A Male Who Can Find What’s Lost

    Look up the word trauma in the dictionary. Maybe you’ll find my new definition: “(trah’-muh) 1. the sudden realization by a woman that she is acting like a man.”

    I was recently in a gift shop, picking up a supply of candles and other smell-good things. I cruised the whole store, but couldn’t seem to find my very favorite citrus and sage thingie for my car. The saleslady finally approached and asked, “Can I help you find something?”

    “Well, I was looking for the citrus and sage car air freshener,” I replied.

    “It’s right here,” she said, plucking the little plastic parcel off a hook which was not 12 inches from me and directly in my line of sight.

    “How could I have not seen that?” I asked. “This is AWFUL – I have become my husband and my sons.” Trauma.

    The saleslady’s eyes were bursting with compassion; I knew instantly that she was a wife and/or Mom and was grasping my dismay. Truly I ask you — what house can stand if the woman loses her ability to find what’s lost?

    I’ve talked to other women who are part of the universal sorority, I Ama Wifa (if you’re interested in joining, just marry a man), and I know I am not alone in my utter bewilderment that roughly half the human race – the male half – can’t seem to find anything once it is put into a cabinet, closet, drawer or refrigerator.

    Just the other evening, our family was sitting down to eat dinner and I was more than delighted to be in a seated position after an exhausting afternoon. Having just parked my hindquarters on the chair, I was dismayed when my husband, Joe, went to the fridge to search for some salad dressing. That little voice in my head said, “Just go ahead and get it for him – he’ll never find it.” But I answered my head, saying, “Oh, surely he can find it. The salad dressing has been on the same shelf for 25 years.” (Note: Not the same bottle of salad dressing.). “No,” that little voice whined again, “you might as well just get up and get it for him – he’s NOT gonna find it by himself.”
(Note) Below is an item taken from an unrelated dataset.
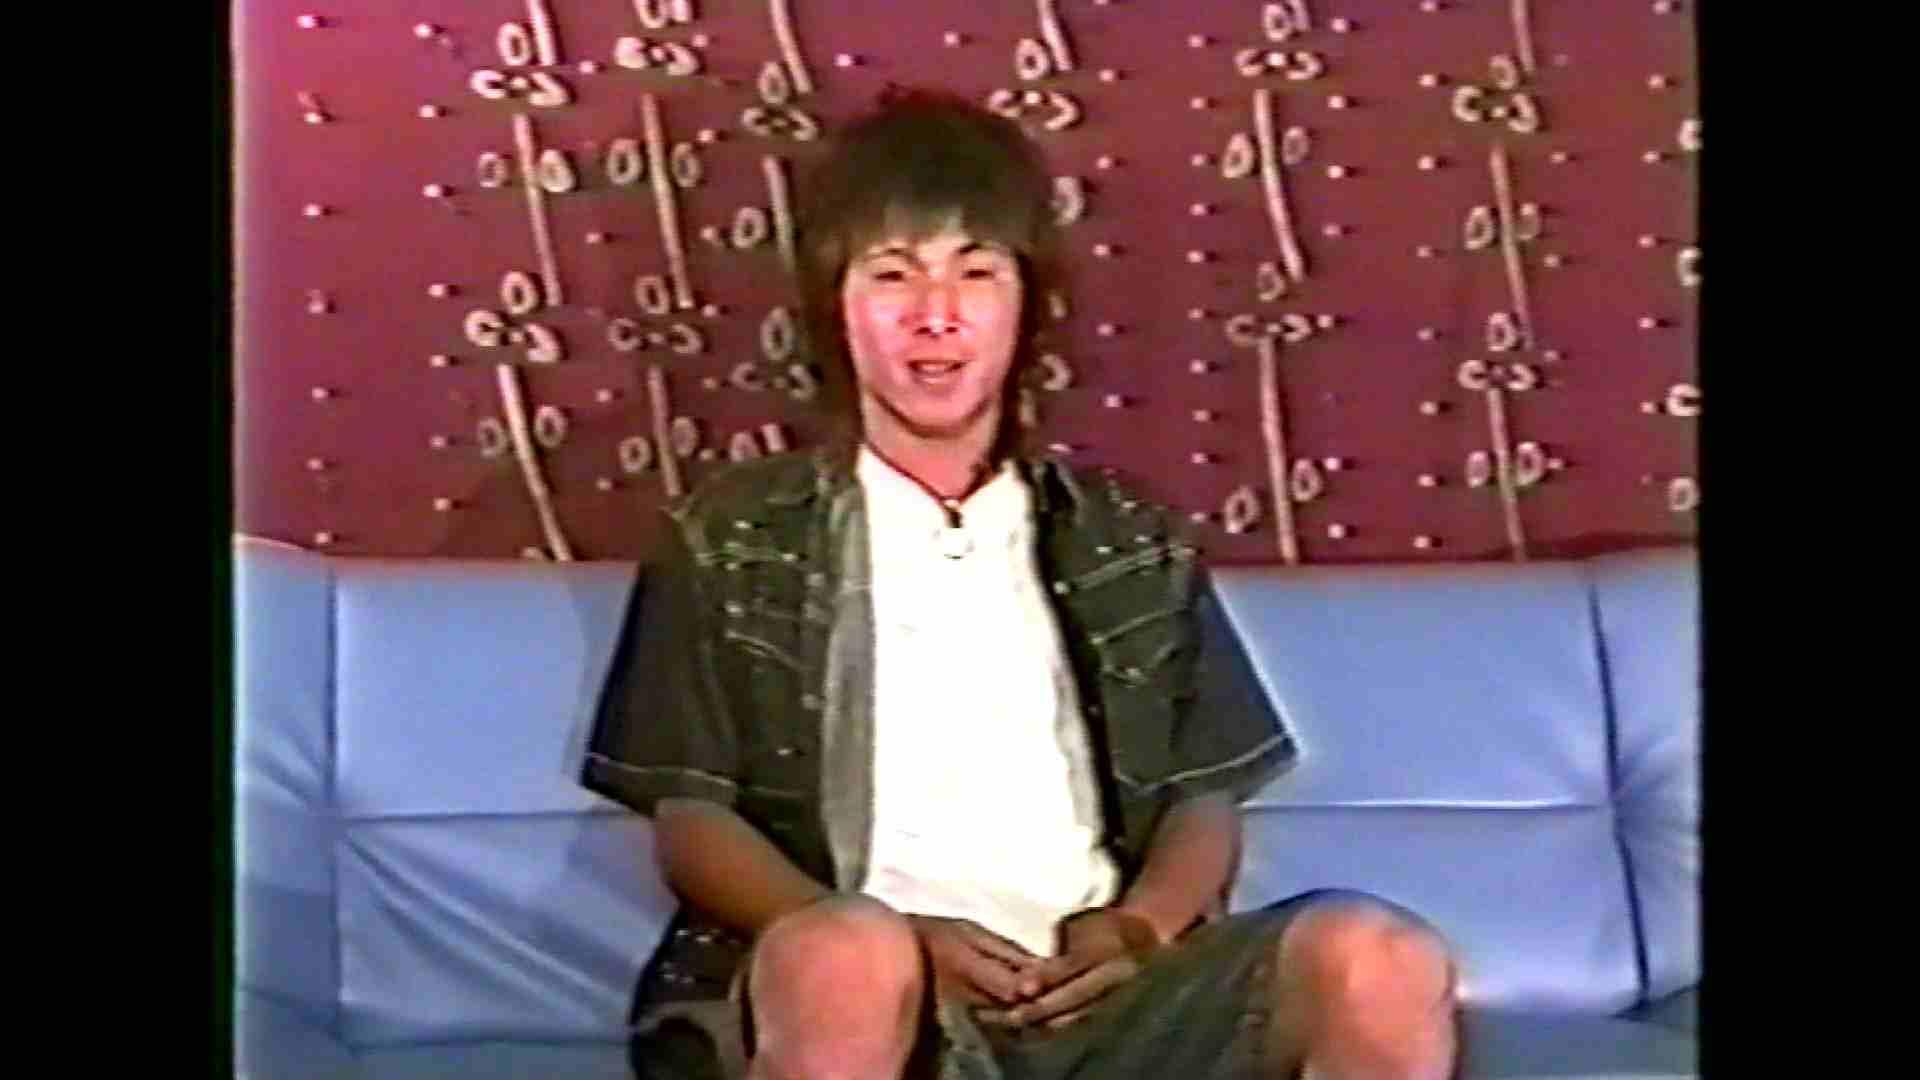 GAYBOY宏のオカズ倉庫Vol.3-1 入浴・シャワー丸見え 男同士画像 98pic 28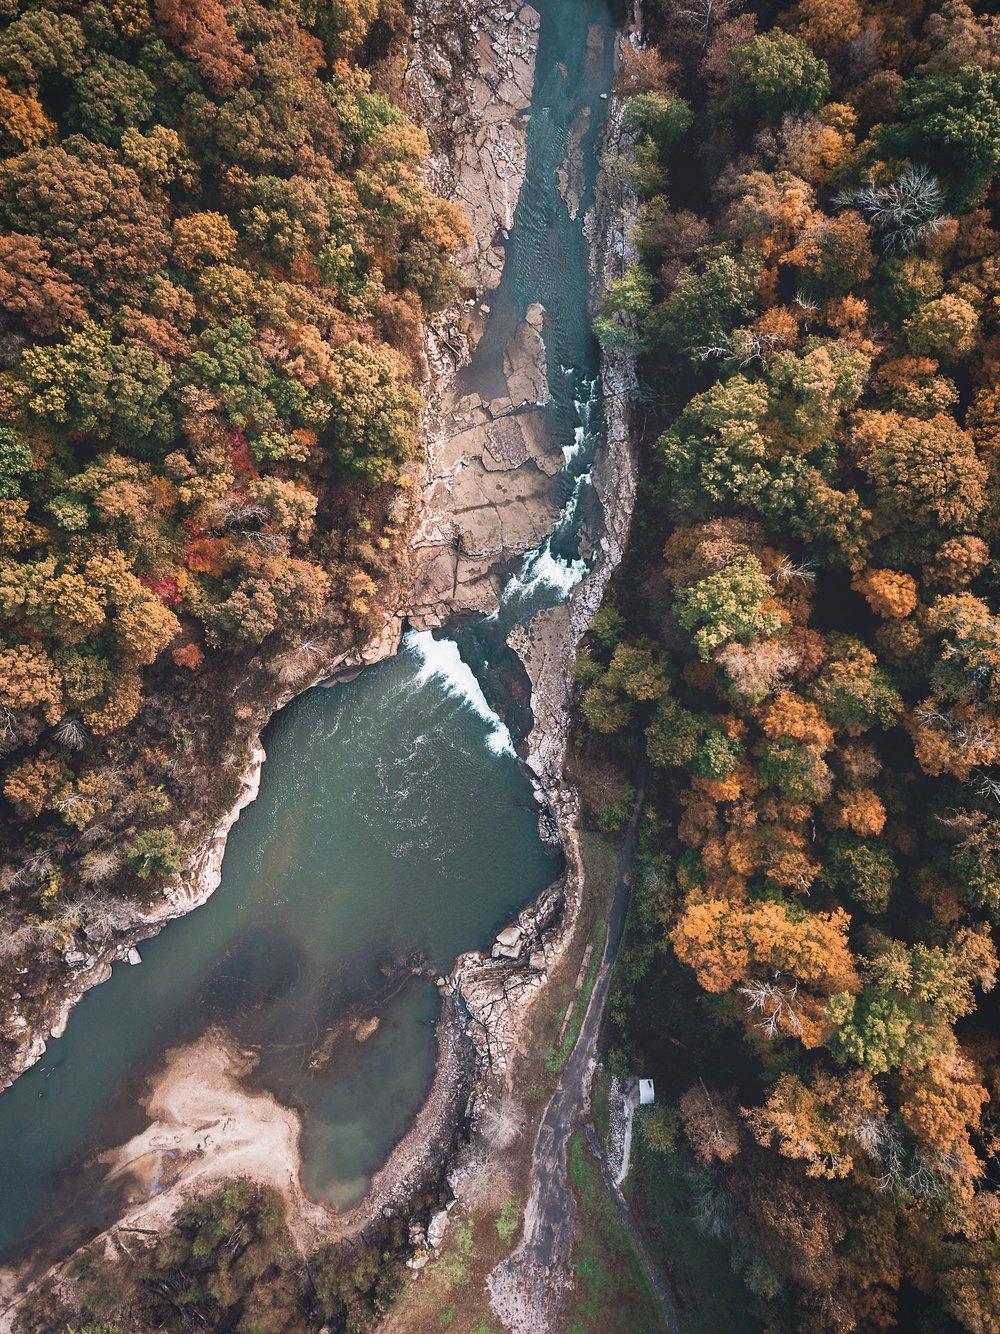 Cataract Falls Lower Falls Drone Shot.jpg

    I heard bottles clinking, Tupperware thumping, and aluminum foil rustling as my husband plumbed the nether regions of the fridge.

    “I guess we don’t have any salad dressing,” he said.

    “Of course we have salad dressing – it’s right there on the door,” I wearily replied.

    “No, it’s not. We don’t have any.”

    “Yes, we do. It’s on the door. I’ll get it.”

    “No, that’s okay. We just don’t have any.”

    With quite a dramatic flair, I heaved myself out of my chair and clump, clump, clumped over to the fridge, where in less than 1.6 seconds, I located the allegedly non-existent salad dressing.

    I gave Joe “the look” and silently marveled, “How in the world does this man solve complex computer problems every day?” as I clump, clump, clumped back to my seat at the table.

    “Well … it was turned around backwards and I couldn’t read the label,” he pathetically fired back.

    For those who feel I am picking on my poor mate over some rare and isolated circumstance, let me say a big fat, “I don’t think so.” Variations on the salad-dressing scene have been played out in my house so many times, I can say my lines while male hands are still grasping the pantry door or refrigerator handle. Now multiply it times three – the number of males living in my home – and you’ve got a picture of my life as a finder of all that is not really lost.

    I must say that I am decidedly NOT a feminist or a male-basher. I love my males. And I certainly have no problem or qualms about all the references to God that are male in nature (Father, Son, Jesus, Lord, King, etc.). In fact, I find much comfort in those descriptions of God.

    But when I think of God as a primarily male figure, perfect though He may be, I have to say I’m a bit surprised about how good He is at finding lost things, particularly people who’ve lost their way in life.

    “I once was lost, but now am found.” A miracle anyway you look at it.